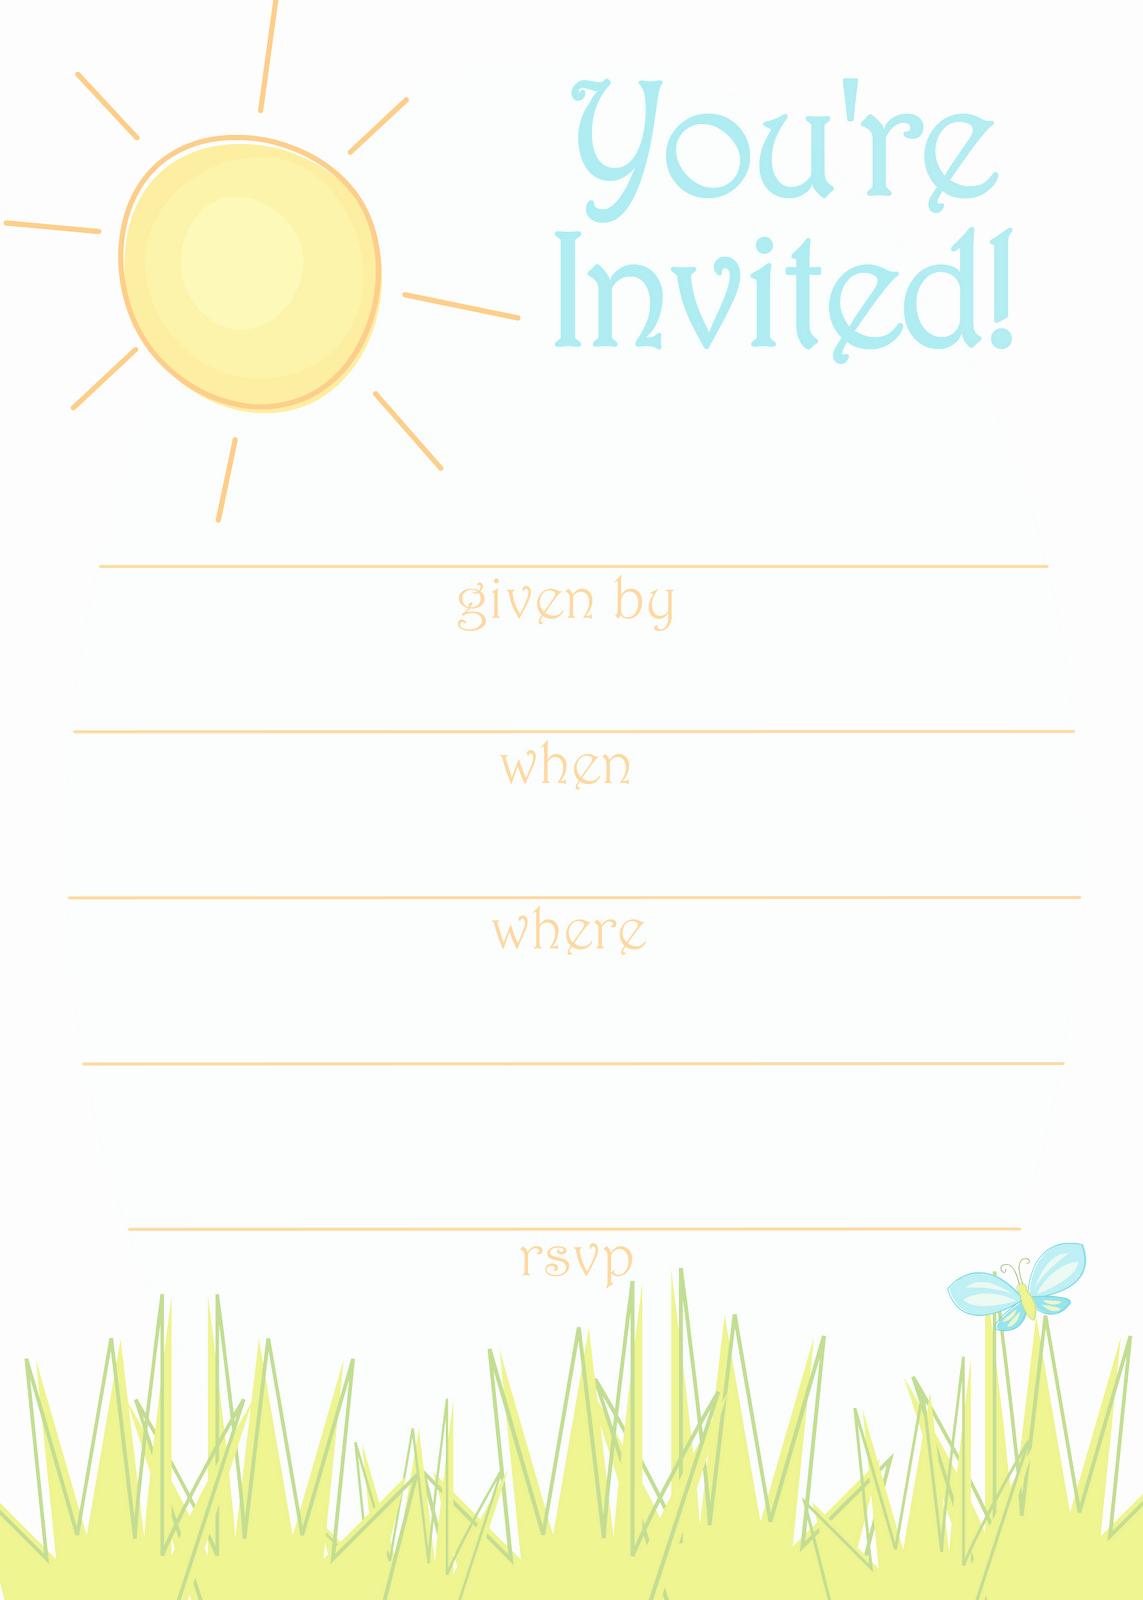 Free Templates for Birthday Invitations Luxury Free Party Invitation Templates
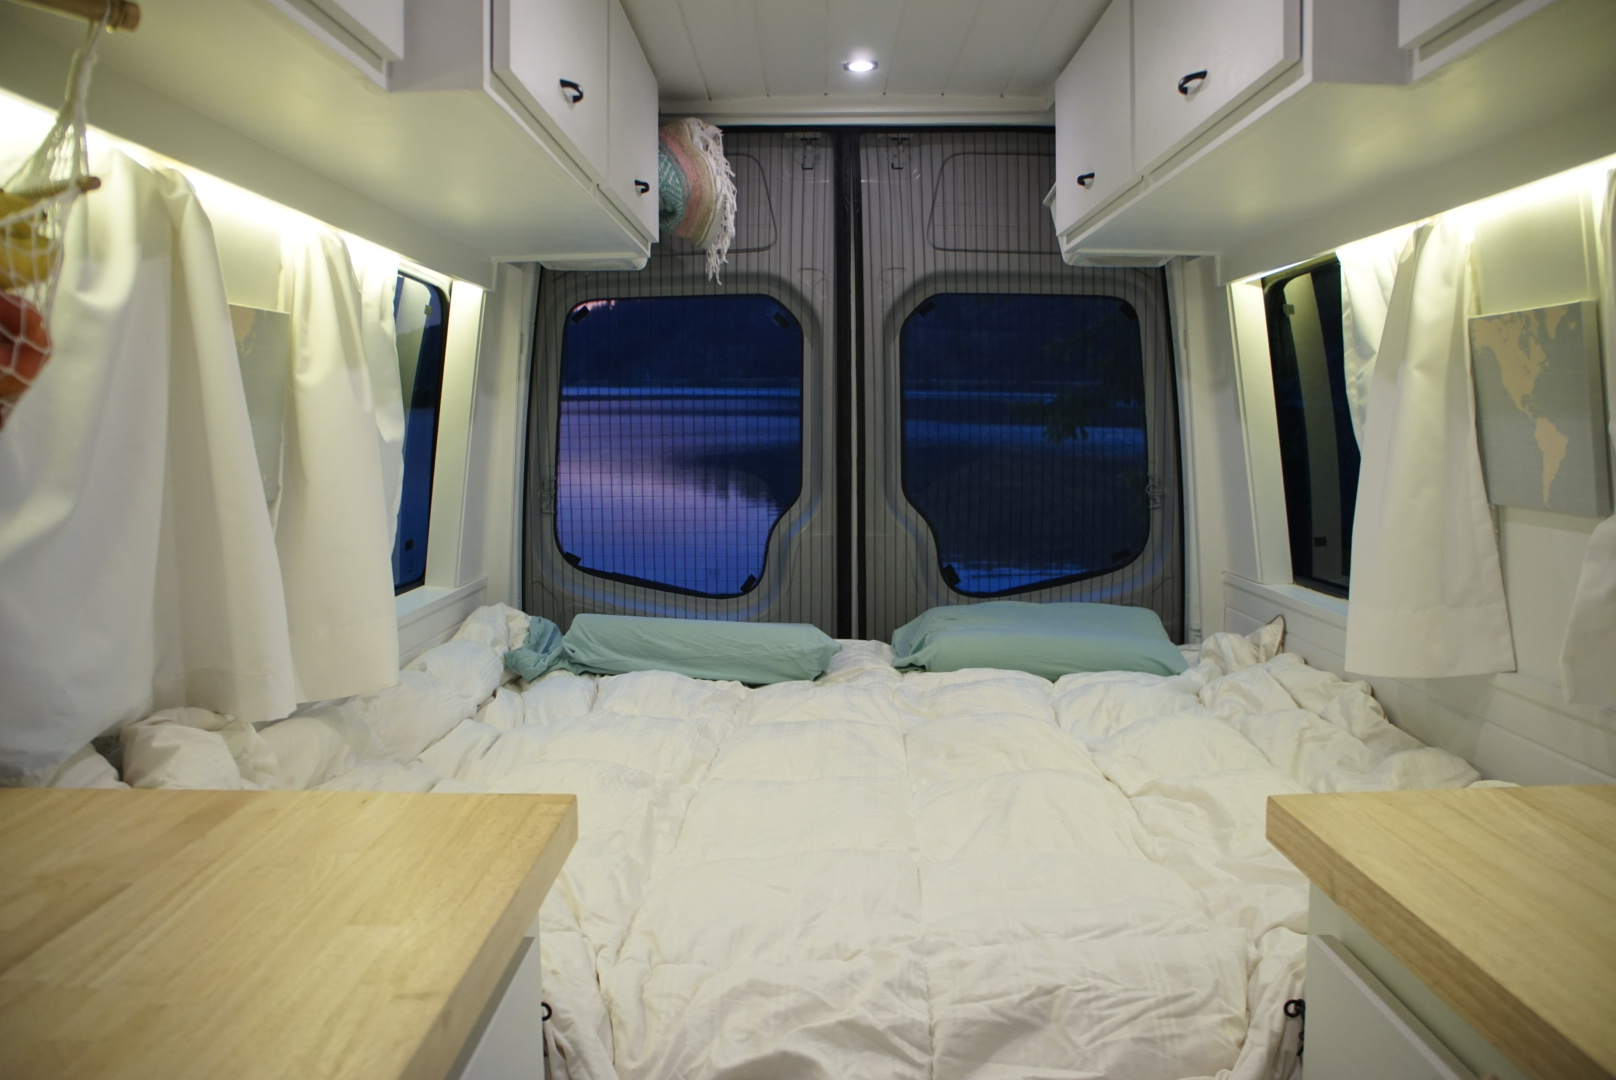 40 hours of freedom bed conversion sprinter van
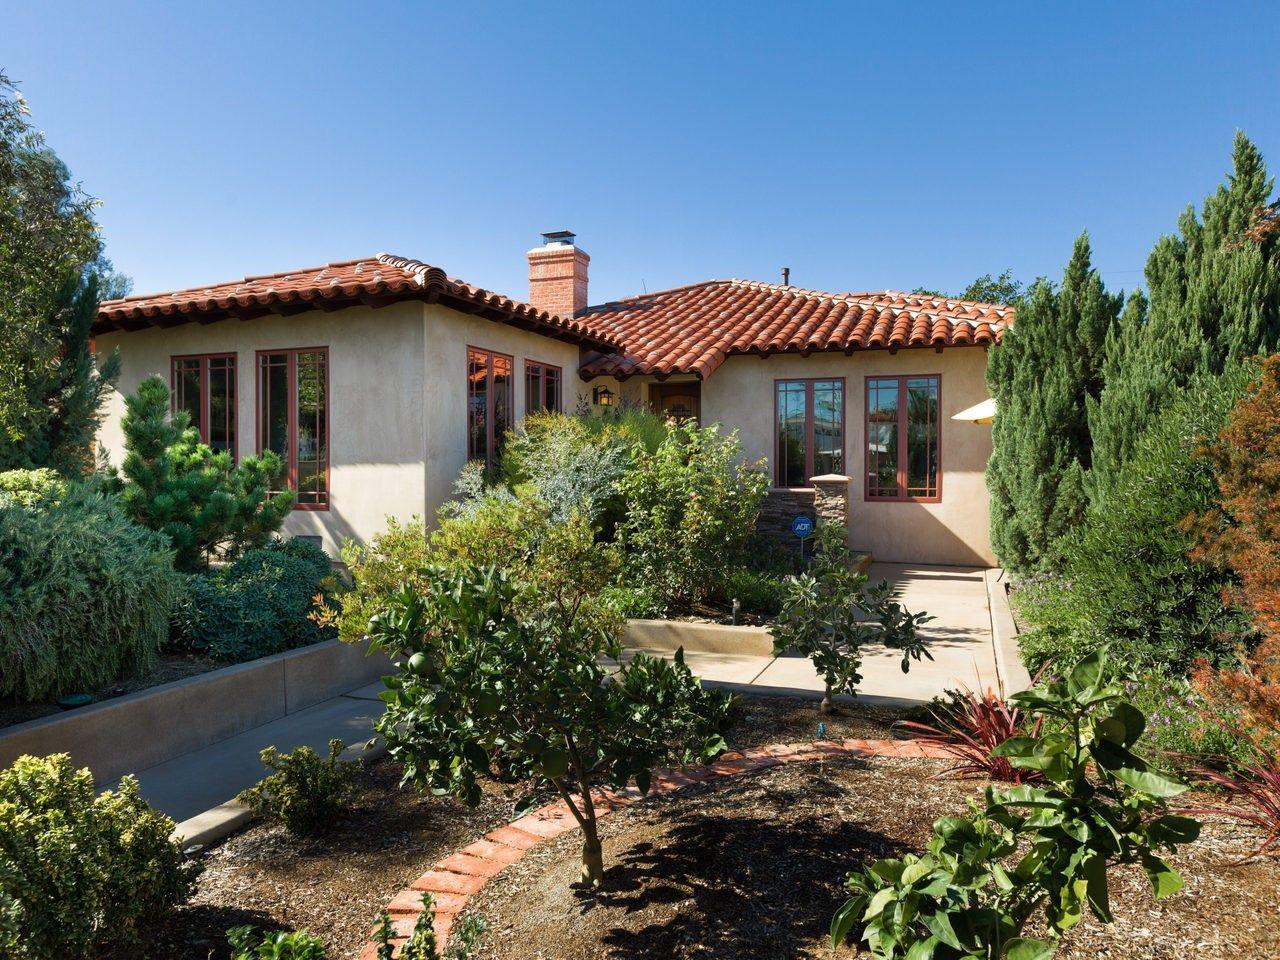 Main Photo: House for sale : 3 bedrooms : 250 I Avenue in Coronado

EXERCISE DETAILS: Reproduce the data word for word, excluding its pictures.

ANSWER BOX:
 Free Templates for Birthday Invitations Luxury Free Party Invitation Templates
 40 hours of freedom bed conversion sprinter van
 Main Photo: House for sale : 3 bedrooms : 250 I Avenue in Coronado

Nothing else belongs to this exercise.